::: Records to use :::

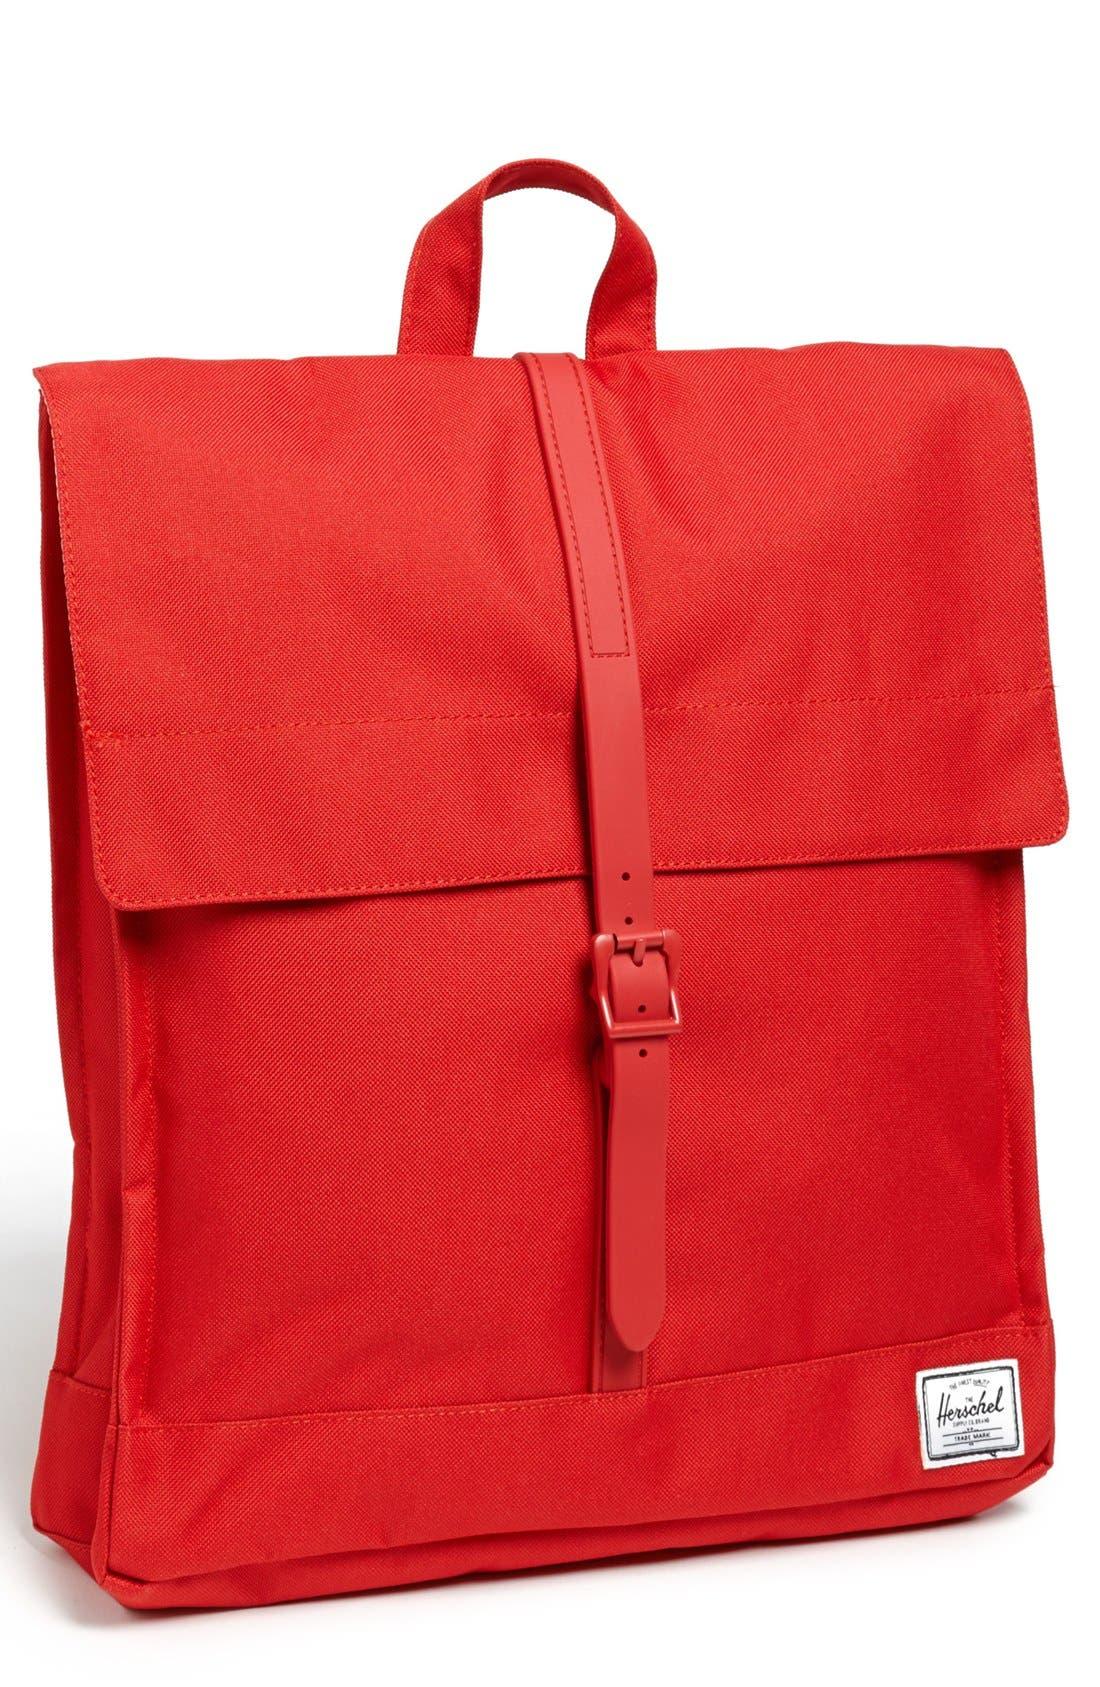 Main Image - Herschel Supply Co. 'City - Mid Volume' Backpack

:::
::: Records to use :::

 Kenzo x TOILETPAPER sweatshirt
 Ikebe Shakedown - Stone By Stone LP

:::

◆ **What to work on**: Going back over the entries above, copy word for word every line from the one that has "Kenzo x TOILETPAPER sweatshirt" on through the one that has "Ikebe Shakedown - Stone By Stone LP".

◆ **Exercise output**:
 Kenzo x TOILETPAPER sweatshirt
 Ikebe Shakedown - Stone By Stone LP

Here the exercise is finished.